В эту «перевернутую» экономику невозможно внедрить западную финансовую систему. Это абсурд. Невозможно иметь одну структуру экономики и финансовую систему, рассчитанную на совсем другую, прямо противоположную ей структуру экономики. Нельзя иметь структуру экономики «как у нас», а финансовую систему «как у них». Напомним, что экономики всех республик СССР строились именно таким «советским» способом — рывком и диспропорционально. Поэтому все они обладают схожими структурными характеристиками. Соответственно, их финансовые системы тоже обладают схожими характеристиками. Финансовые и вообще экономические проблемы для них примерно одинаковы.
Как мы указали начиная с 1929 года, то есть с начала индустриализации советская экономика стала развиваться способом, прямо противоположным рыночному. Рыночная экономика базируется на личном потреблении граждан, а в СССР потребительский сектор был не основным, а подчиненным. Кроме того, советская экономика по необходимости строилась так, чтобы в ней никакой конкуренции и возникнуть не могло: строилось ровно столько предприятий, сколько нужно для потребностей экономики. Такая экономика исключает всякую конкуренцию по самой своей структуре. Таким образом, два главных определяющих признака экономики СССР следующие:
1) относительная неразвитость потребительского сектора.
2) практически полное отсутствие дублирования производственной деятельности, так называемой конкуренции в структуре экономики.
Экономика, структурированная подобным образом, требует для обеспечения своего нормального функционирования и специфической финансовой системы. Ее суть в следующем. Деньги разделяются на наличную и безналичную сферы. Наличная обслуживает покупательную способность населения. Безналичные «деньги» — это, по существу, не деньги, а счетные единицы, при помощи которых в плановом порядке производится распределение материальных фондов.

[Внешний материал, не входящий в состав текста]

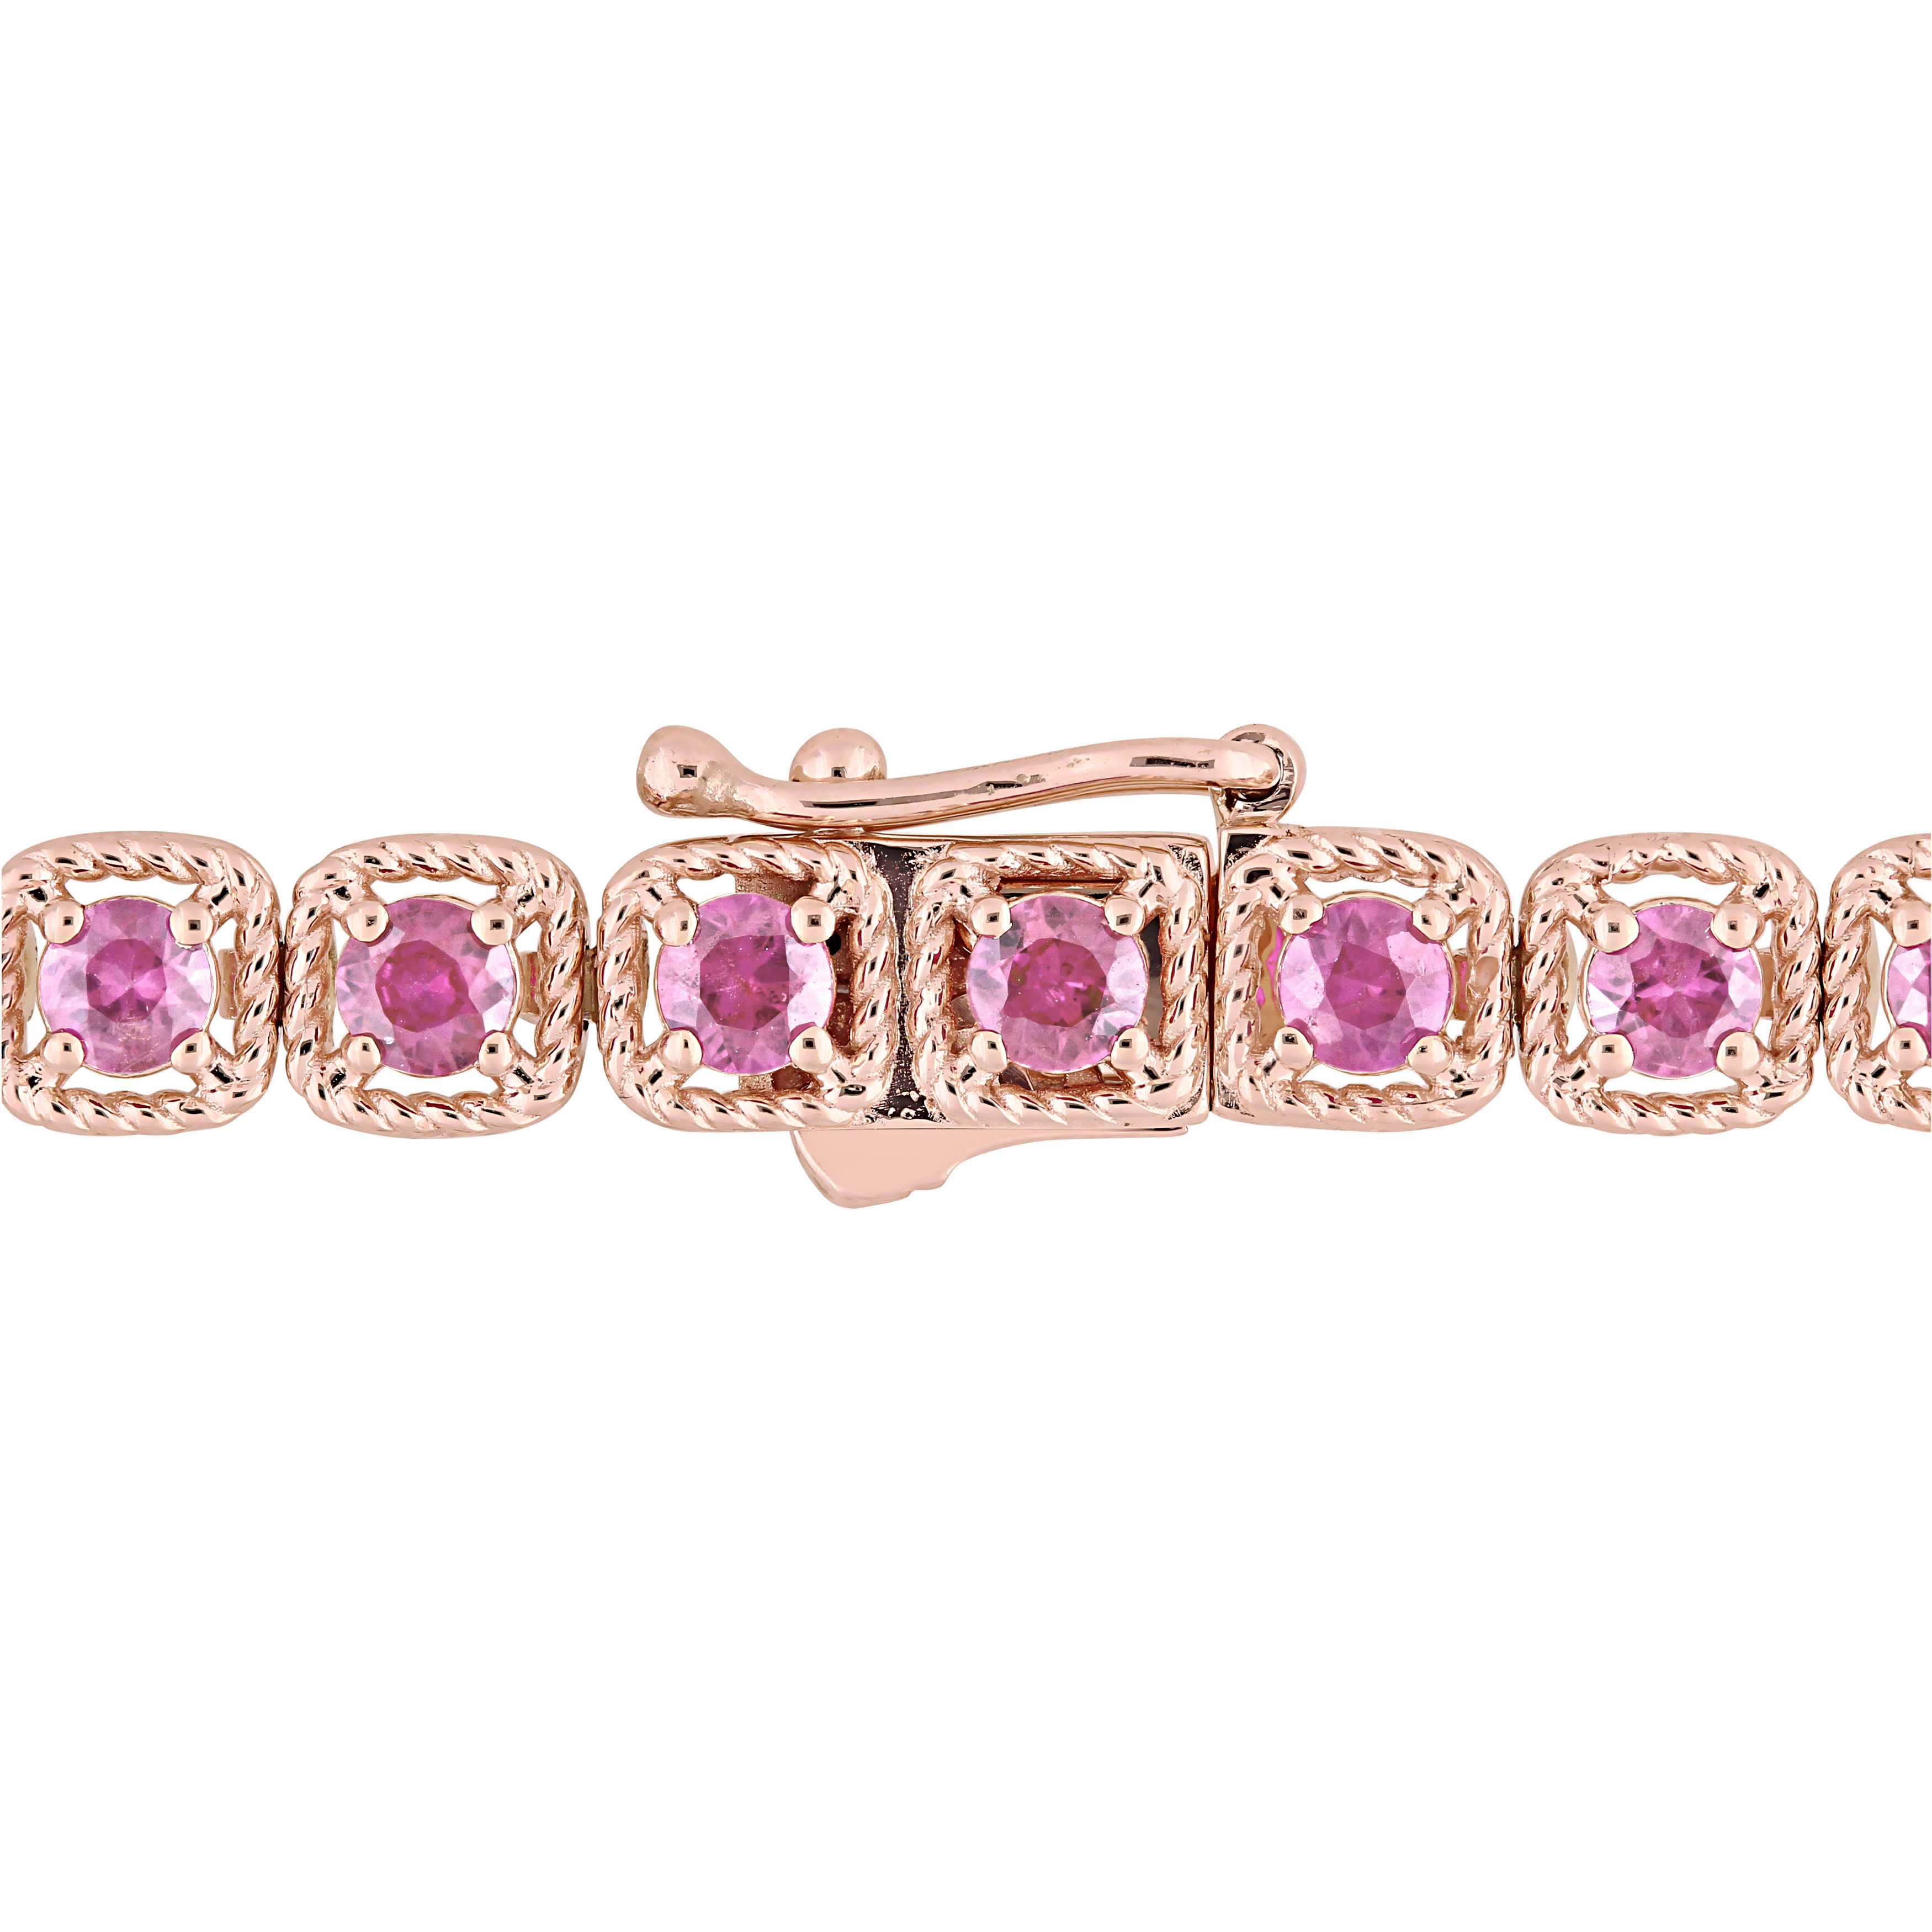 3 3/4 CT TGW Pink Sapphire Tennis Bracelet in 14K Rose Gold

Народ в зале залип окончательно. Такое внятное и разжеванное объяснение особенностей советского финансового сектора отчего-то редко звучало с трибун. Обычно люди с правительства топили все за ворохом цифр и заумных словечек. Непонятно, откуда этот очкарик взялся, но вещи он доносил донельзя невероятные с точки зрения обычного обывателя. Ведь что тот знал, по существу, об экономике? Напряглись сидящие позади кураторы. Кроме мужчины, что представлял Совет Министров. Тот, видимо, врубился в озвученное и с любопытством разглядывал оратора.
— Академик Островитянов писал в 1958 году: «Трудно назвать другую экономическую проблему, которая вызывала бы столько разногласий и различных точек зрения, как проблема товарного производства и действия законов стоимости при социализме».
Известный британский экономист Джон Росс пишет: «В 1913 г. ВВП на душу населения страны, ставшей впоследствии СССР, составлял примерно 25% величины ВВП на душу населения будущих стран ОЭСР. Создана та в 1948 году под названием Организация европейского экономического сотрудничества для координации проектов экономической реконструкции Европы в рамках плана Маршалла. К 1970 году ВВП СССР на душу населения уже составлял примерно 50% ВВП на душу населения стран ОЭСР… За этот же период средний доход ВВП Латинской Америки, который в 1913 г. находился на уровне, сравнимом с доходом будущего СССР, увеличился всего лишь с 25% до 28% в сравнении с доходом стран ОЭСР. Доход ВВП на душу населения стран Азии, за исключением Японии, увеличился с 12 до 18% по отношению к доходу стран ОЭСР за тот же период».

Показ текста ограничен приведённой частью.